Description
This Ground Beef Zucchini Sweet Potato Skillet is a wholesome, hearty, and flavor-packed one-pan meal that comes together in under 30 minutes. It features lean ground beef, tender chunks of sweet potato, and zucchini sautéed to perfection with aromatic spices. It’s low-effort, easy to customize, and loaded with protein, fiber, and nutrients.
Perfect for busy weeknights, meal prep, or when you need to clean out the fridge, this skillet dish satisfies without weighing you down. It’s gluten-free, dairy-free, and can easily be made Whole30 or paleo-friendly. Healthy food never tasted so good — and cleanup is a breeze!
Ingredients (serves 4)
- 1 tablespoon olive oil
- 1 lb lean ground beef
- 1 medium onion, diced
- 2 cloves garlic, minced
- 1 medium sweet potato, peeled and diced (about 2 cups)
- 1 medium zucchini, diced
- 1 teaspoon smoked paprika
- ½ teaspoon dried oregano
- ½ teaspoon chili powder (optional for heat)
- Salt and black pepper, to taste
- 2 tablespoons tomato paste
- ¼ cup water or beef broth
- Fresh parsley or cilantro, chopped (for garnish)
Instructions
- Heat olive oil in a large skillet over medium heat. Add ground beef and cook until browned, about 5–6 minutes. Drain excess fat if needed.
- Add diced onion and garlic to the beef. Sauté for 2–3 minutes until fragrant.
- Stir in diced sweet potatoes. Cook for 5 minutes, stirring occasionally, to let them start to soften.
- Add zucchini, paprika, oregano, chili powder (if using), salt, and pepper. Stir well.
- Mix in tomato paste and pour in the water or beef broth. Cover and let simmer on medium-low heat for 8–10 minutes, or until sweet potatoes are tender and sauce thickens slightly.

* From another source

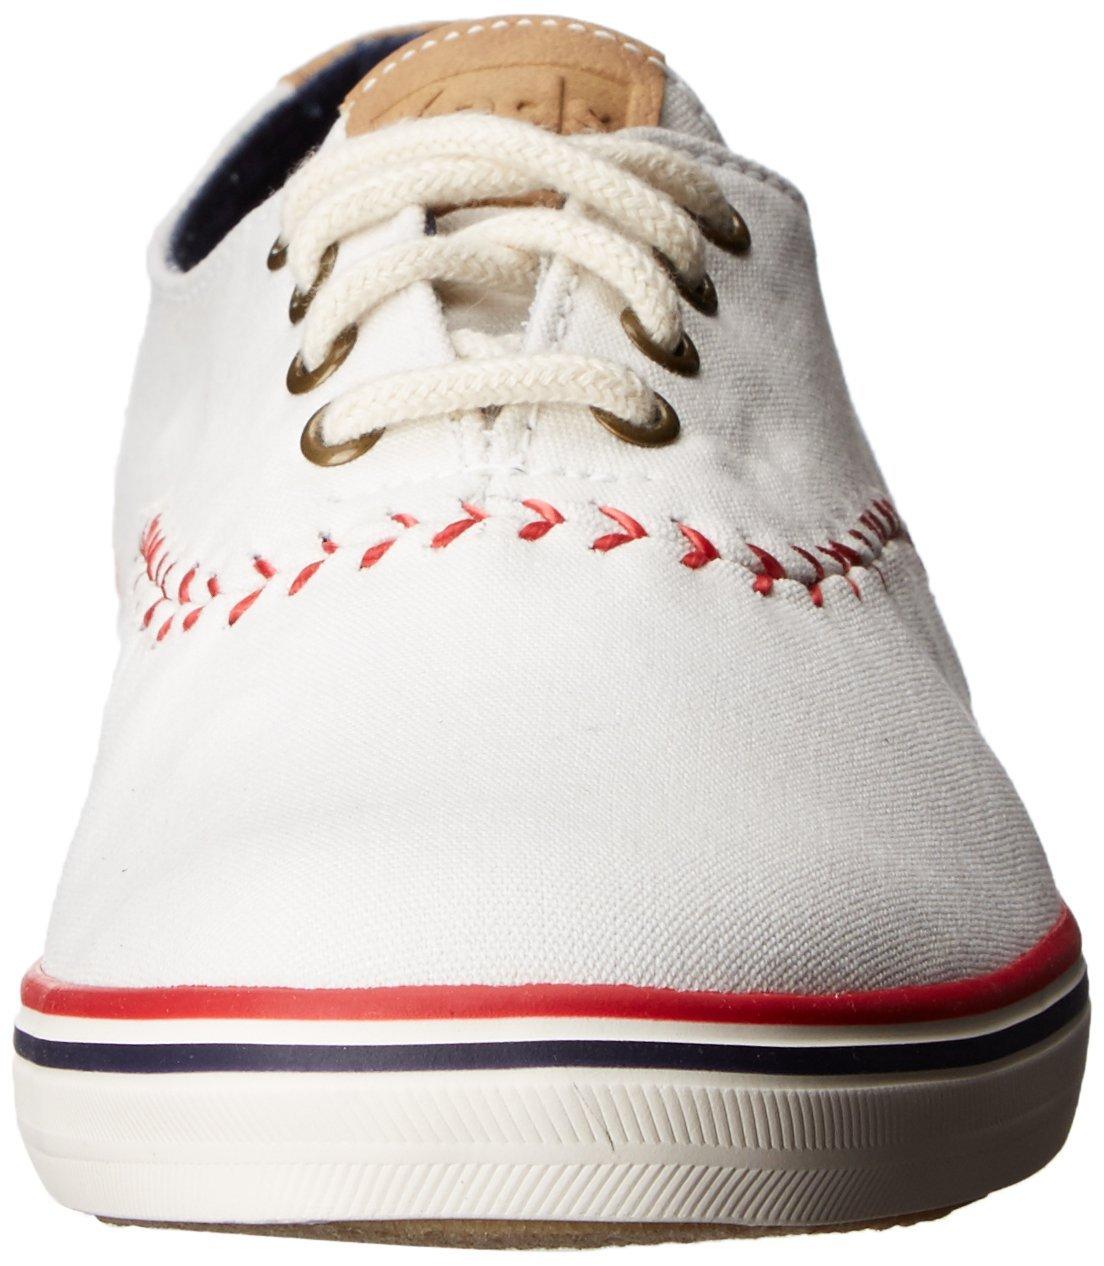 3284ba0cb56 ... Keds Women s Champion MLB Pennant Baseball Baseball Baseball Fashion  Sneaker B01AAIWHR0 6.5 M US

- Uncover and cook for another 2–3 minutes to reduce any extra liquid.
- Garnish with fresh parsley or cilantro. Serve warm straight from the skillet.
Nutrition (approximate per serving)
- Calories: 360 kcal
- Protein: 25 g
- Fat: 18 g
- Carbohydrates: 24 g
- Fiber: 5 g
Tips & Tricks
- Shortcut tip: Microwave diced sweet potatoes for 3 minutes before adding to the skillet to speed up cooking time.
- Swap ground beef with ground turkey or chicken for a leaner version.
- Add spinach or kale at the end for extra greens and nutrients.
- Make it spicy by adding a dash of cayenne or red pepper flakes.
- Top with shredded cheese or a fried egg for extra richness if you’re not dairy-free.
My Extra Tips for Your Website
Consider offering variations at the end of the recipe for readers on special diets: keto (omit sweet potatoes), paleo (use grass-fed beef), or vegan (use plant-based ground and veggie broth). Include a short story or anecdote about how this meal saves time on busy nights. A printable meal-prep guide or serving suggestion graphic could add extra value for your readers.
Also, invite readers to share their skillet creations using a branded hashtag like #MySkilletMoment — it creates community engagement and user-generated content for your brand.